Screening a new era

After four years, Jesuit High School’s one-to-one iPad program is no more. Beginning in the 2017-2018 school year, families will choose the device that their son brings to school. The primary purposes of this change are cost affordability and user comfort level.

The change is based on “the desire for students to be able to produce original work, customize their learning experience, [and fulfill] the budgetary realities of each family,” according to a bulletin on

The one-to-one iPad program has been one of the hallmarks of Jesuit’s modern educational system, requiring students to bring an iPad to school since the 2013-2014 school year. The purpose was to personalize the resources available to students and to prepare students for the rapidly advancing world of technology.

“Before we had students bring their [iPads], their encounters with technology took place almost entirely outside of the classroom,” said Mr. Colin O’Connor ‘04, a member of the Technology Committee involved in the original implementation of the program.

Despite 2012-2013 testings of “iPad carts,” the carts were unwieldy and less efficient than personal devices, and did not provide Jesuit faculty with much insight into how the devices would affect their program. Thus, once the program was implemented, it took both teachers and students a while to adjust.

“[Students] went from having a no-phones policy [on campus] to a one-to-one iPad program in the span of a year or so,” Mr. O’Connor said.

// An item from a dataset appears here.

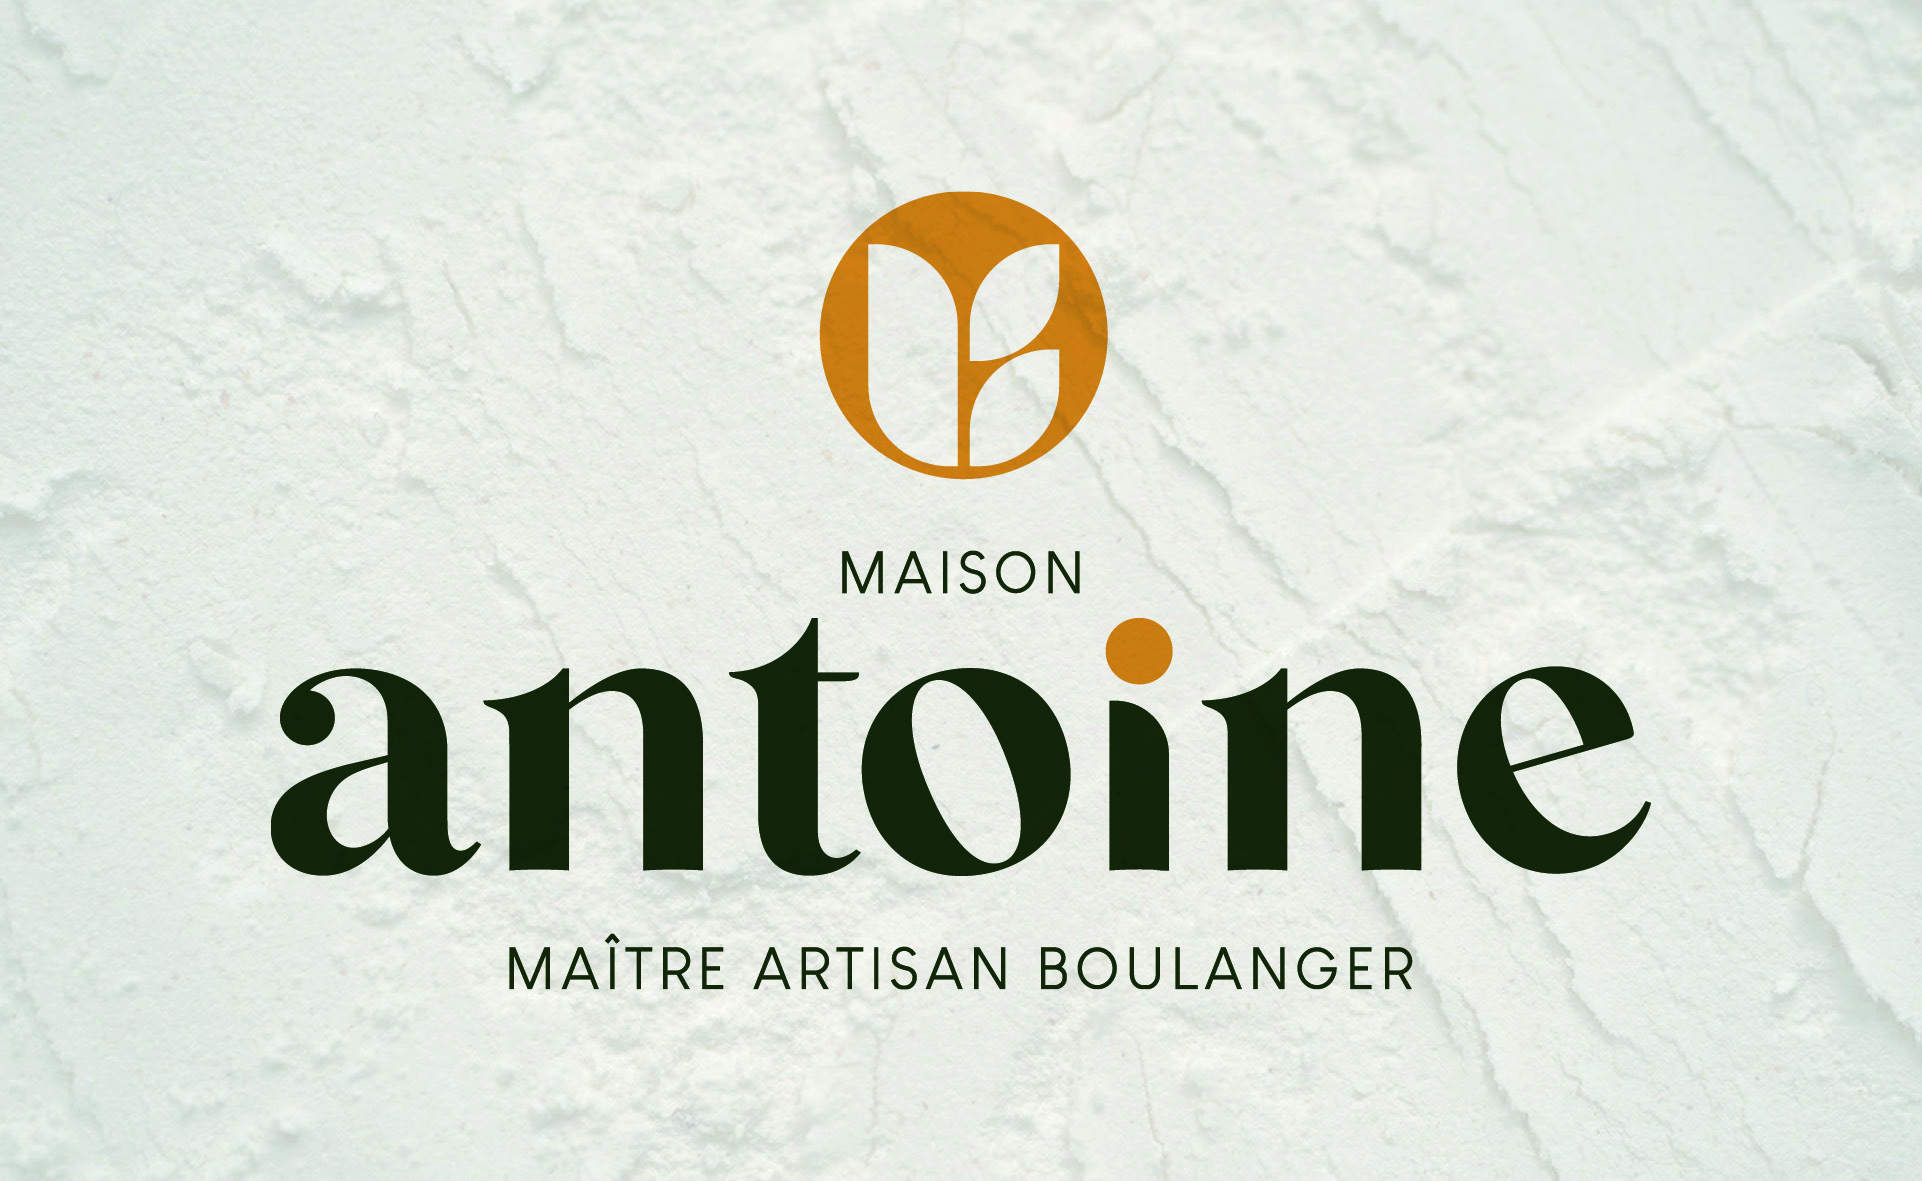 Création de logo pour la boulangerie Maison Antoine à Nantes - fond clair

Over the past four years, ten wireless access points on campus became 80. Utilities by Google such as Classroom, Docs, and Drive have served as major staples in Jesuit’s curriculum. Apps such as Hudl help Jesuit students in their athletic efforts, allowing them to keep track of their performance and statistics.

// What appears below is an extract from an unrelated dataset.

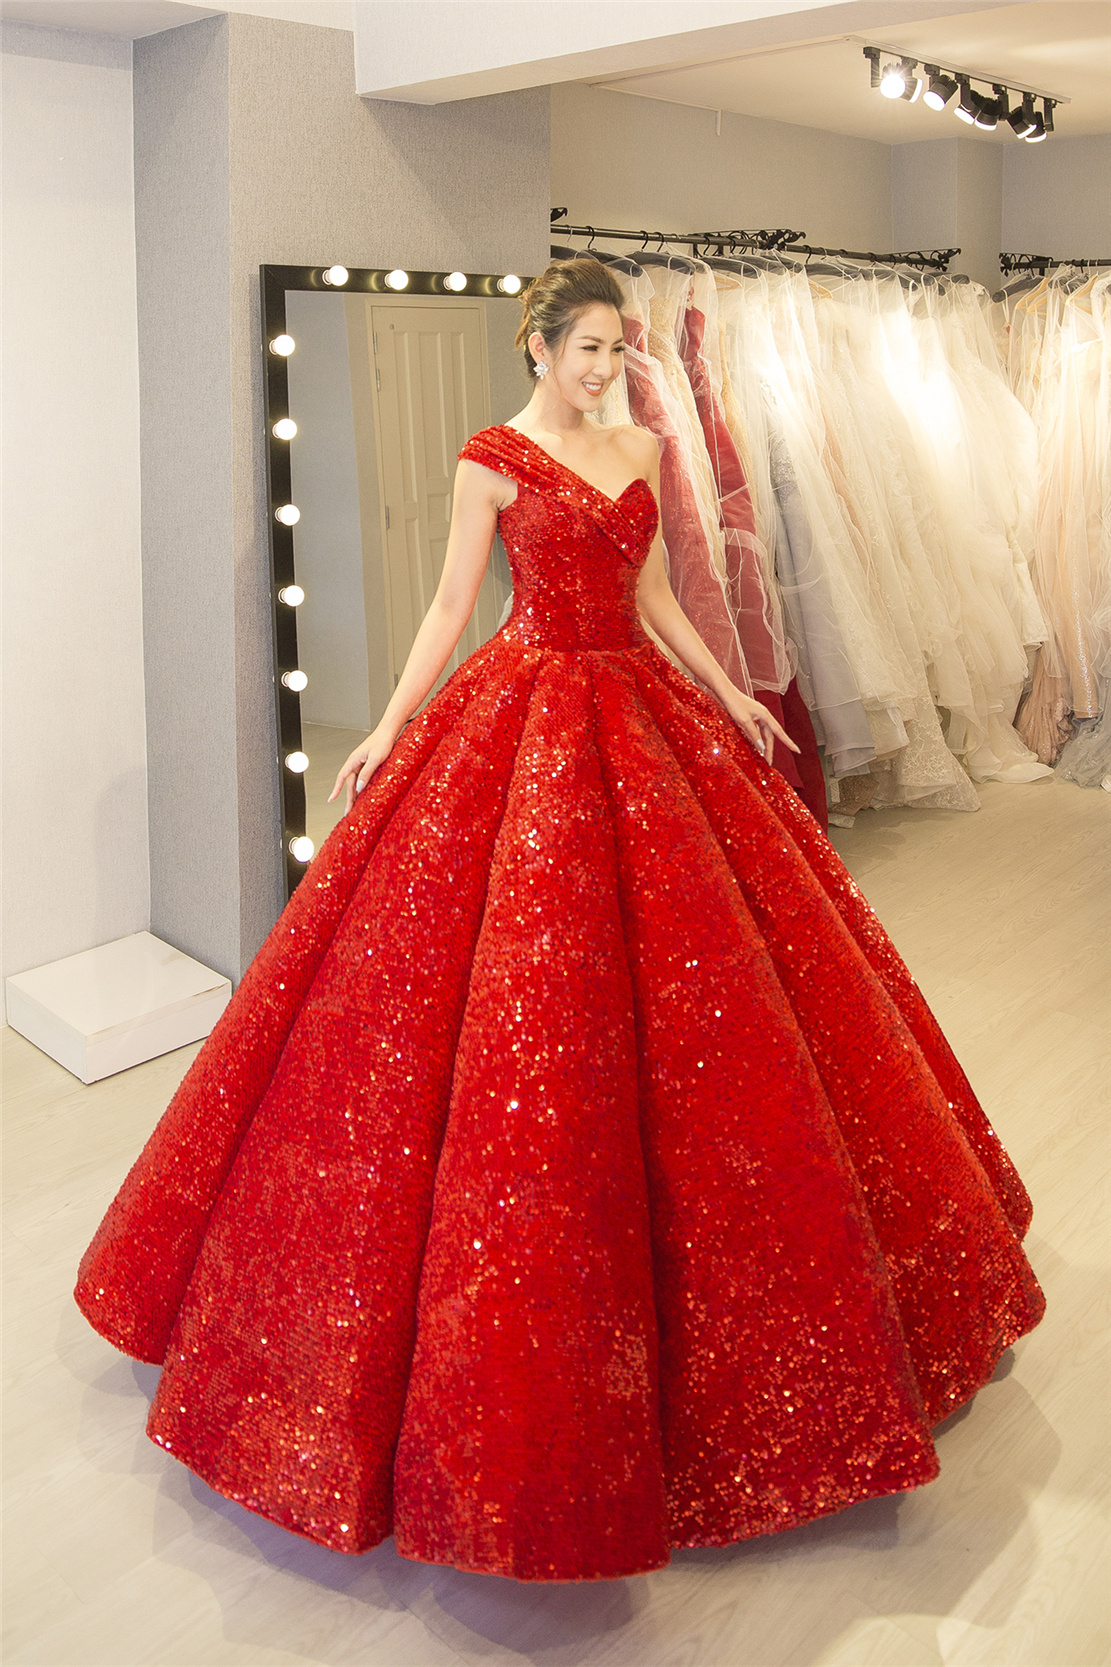 Thiết kế váy cưới màu đỏ nổi bật

Regarding the newest change in the program, Jesuit is going where no other Jesuit school has gone before.

“We are the only Jesuit high school that has gone from one-to-one iPad program to BYOD (Bring Your Own Device),” Mr. Smith said. “We‘re on our own path.”

One of the most important aspects of this newer transition has been the opportunity for students to choose a device they can work best with.

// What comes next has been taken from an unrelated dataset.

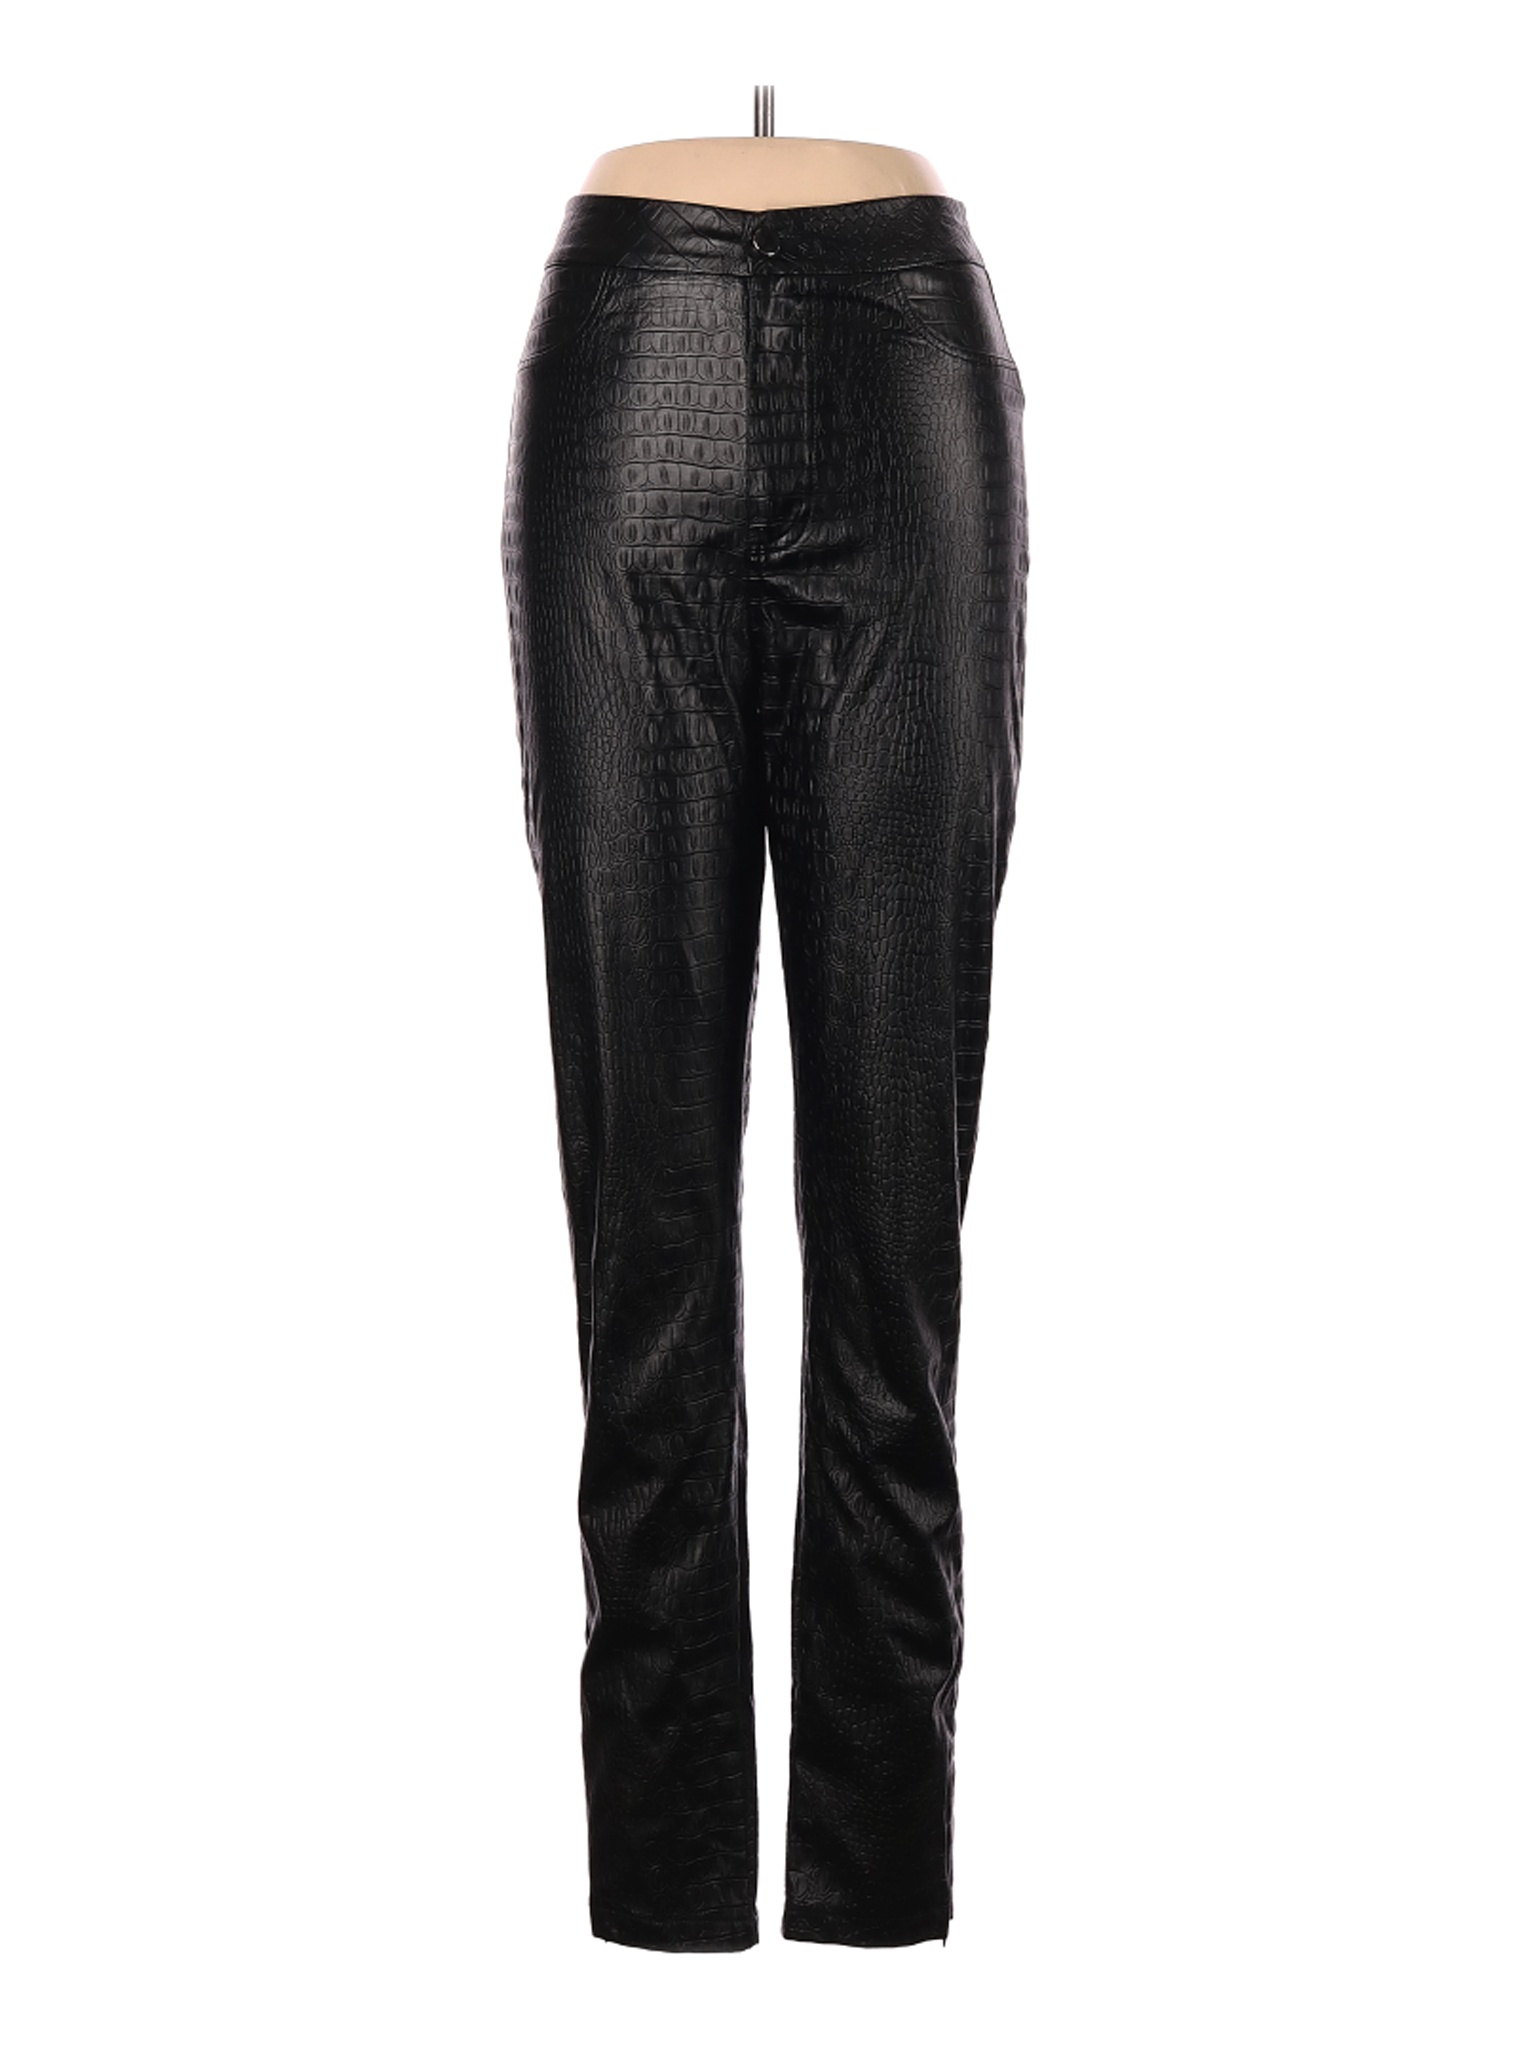 Akira Women Black Faux Leather Pants 7 | eBay

The school desires a shift in the focus of the program to turn students into individuals capable of creating new content with their devices, ranging from drawn art to programmed software.

“[We want them] to be able to develop their own experience of how they learn at Jesuit High School,”  Mr. Smith said.

This new era of technology at Jesuit ushers in the second phase of the individualized device program, with hopes of an improved facility for students and teachers alike.